Of course, I know all this and try to practice it as much as I can, but sometimes those little pies just beg me to eat them...


----------



## taxlady (Apr 18, 2014)

What Spout said.

I think nutritionally dense food is more satisfying. I think you get cravings for more food if you don't get all the nutrients you need. No, I have no proof of this. It's just something I believe.


----------



## pacanis (Apr 18, 2014)

Very interesting stuff.
Not being a carb counter I didn't realize so many sugars were associated with carbohydrates.

That said, I just had two slices of garlic bread with lunch


----------



## CarolPa (Apr 18, 2014)

taxlady said:


> What Spout said.
> 
> I think nutritionally dense food is more satisfying. I think you get  cravings for more food if you don't get all the nutrients you need. No, I  have no proof of this. It's just something I believe.



I agree with this 100% Taxlady.  And I have no proof, either.

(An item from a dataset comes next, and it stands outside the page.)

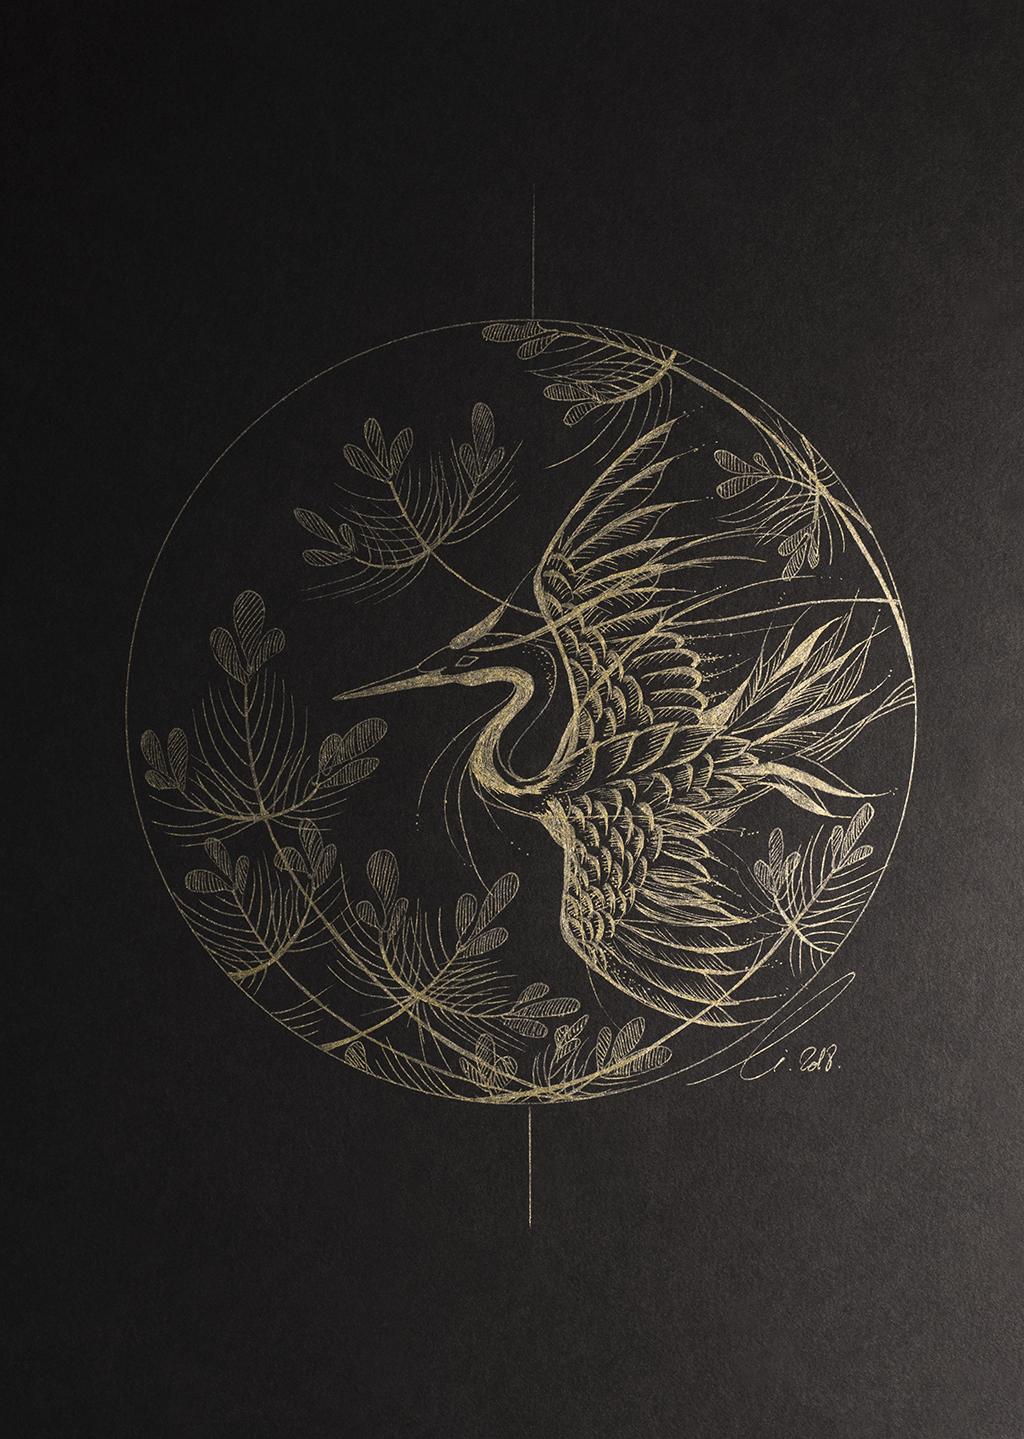 Les plumes et les pins, illustration d'un oiseau survolant un jardin japonais aux plumes dorées.

*Pac,* to me, anything that  is not in the form that nature supplied it is "processed."  Things like  boxed mixes are a prime example.  Betty Crocker Scalloped Potatoes come  to mind.  I don't think a person who is not diabetic has to worry much about carbs in moderation.  Your body works properly to process them the way it should.  So eat all the bread you like!  I will just be jealous.  

*FrankZ*, there's a lot more to worry about with diabetes than sugar.  It's the simple carbs..... sugar, flour, rice, starchy vegetables such as potatoes that enter the blood stream quickly that are not processed properly by the body.  Vegetables and beans are carbs too, but they are complex carbs and the body can handle them a lot better.  Some diabetics can eat wheat/whole grain bread without a problem.  I am one of those who can't.  Doesn't matter whether it contains sugar or not.


----------



## Addie (Apr 18, 2014)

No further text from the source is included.